El padre Ciríaco Aparicio salió al balcón del convento de la Merced, el que daba sobre la parte trasera, desde donde se apreciaba el huerto al final del terreno. Artemio Furia llegaría de un momento a otro, e ingresaría por el portón de muías, que daba sobre la calle de Santo Cristo, y lo haría con su propia llave, una de las prerrogativas concedidas por el principal de la orden de la Merced al gaucho Furia, como se lo conocía en esos tiempos.

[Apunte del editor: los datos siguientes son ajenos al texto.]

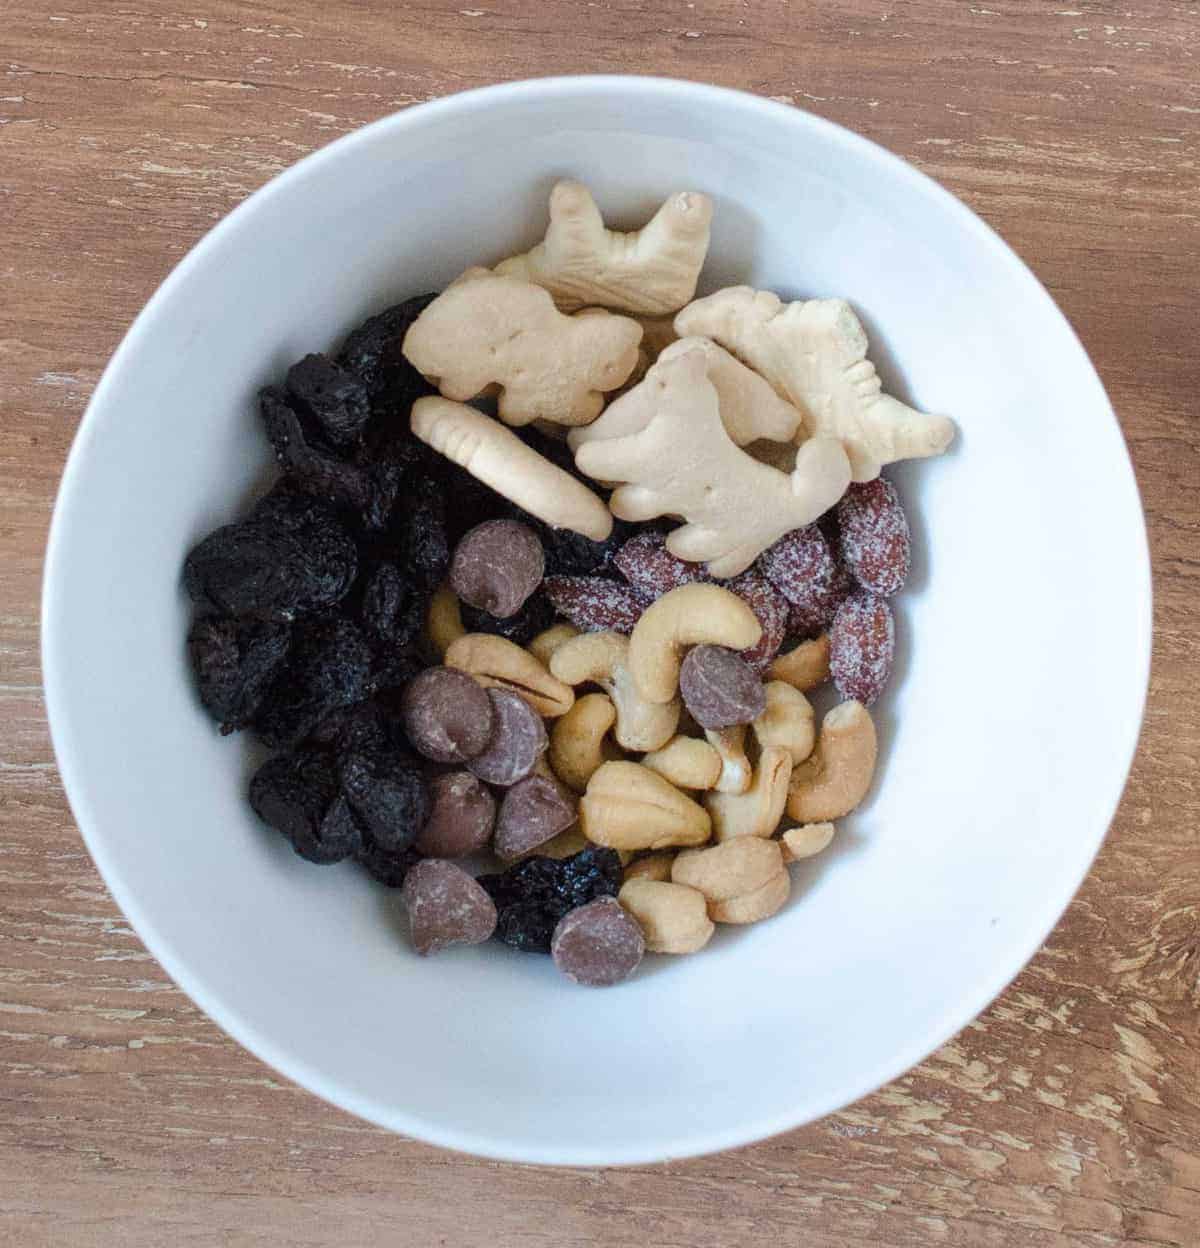 Mezcla de frutos secos: cerezas secas, almendras tostadas con miel, chispas de chocolate con leche, anacardos y galletas de animales.

Ciríaco sonrió con nostalgia al rememorar los primeros días de Artemio en las tolderías de Calehán, cuando los niños ranqueles dejaron de llamarlo
Pichín-Antü
(pequeño sol) para bautizarlo
Pichín-Ülleún
(pequeña furia) después de que demostró con frecuencia que, si bien de apariencia esmirriada y aire abatido, ocultaba un temperamento que se alzaba como el del león para defenderse si lo provocaban. Al final, con varios magullones, ojos negros y narices sangrantes, los niños terminaron por aceptarlo como a uno de ellos y le enseñaron sus habilidades con la generosidad que caracterizaba al indio pampa. Artemio aprendió a
loncotear,
una forma de lucha para dirimir pequeñas diferencias, a fabricar boleadoras, para fastidio de los perros y pequeñas alimañas, a arrojar la lanza de tacuara, una especie de caña liviana y flexible, y, sobre todo, a dominar el caballo con la asombrosa destreza de los ranqueles. El tiempo pasó, y
Pichín-Úlleún
se convirtió en
Ülleún
o en Furia, su traducción más aproximada.

Los años parecían haberse escurrido como agua entre los dedos, y, cada tanto, cuando a Ciríaco lo asaltaba la inquietud por la suerte de su pequeño Artemio, se instaba a recordar que ya era un hombre, "uno bien bragado", al decir de Belisario, con una reputación granjeada a fuerza de lucha, trabajo y tesón. Lo llamaban
gauderio,
un vocablo del sur del Brasil usado para nombrar a los campesinos andariegos y a los vagabundos, o su equivalente en castellano,
gaucho,
y que refería a los jinetes errantes de las pampas, a los vagos, a los mal entretenidos, que iban de campo en campo en busca de una
changa,
porque así vivía Artemio Furia, como un vagabundo, sin terruño, sin querencia, de puesto en puesto, de estancia en estancia, aunque Ciríaco sabía que su corazón se repartía entre las paredes de ese convento que lo habían protegido de pequeño y los ranchos donde habitaba su familia, los ranqueles.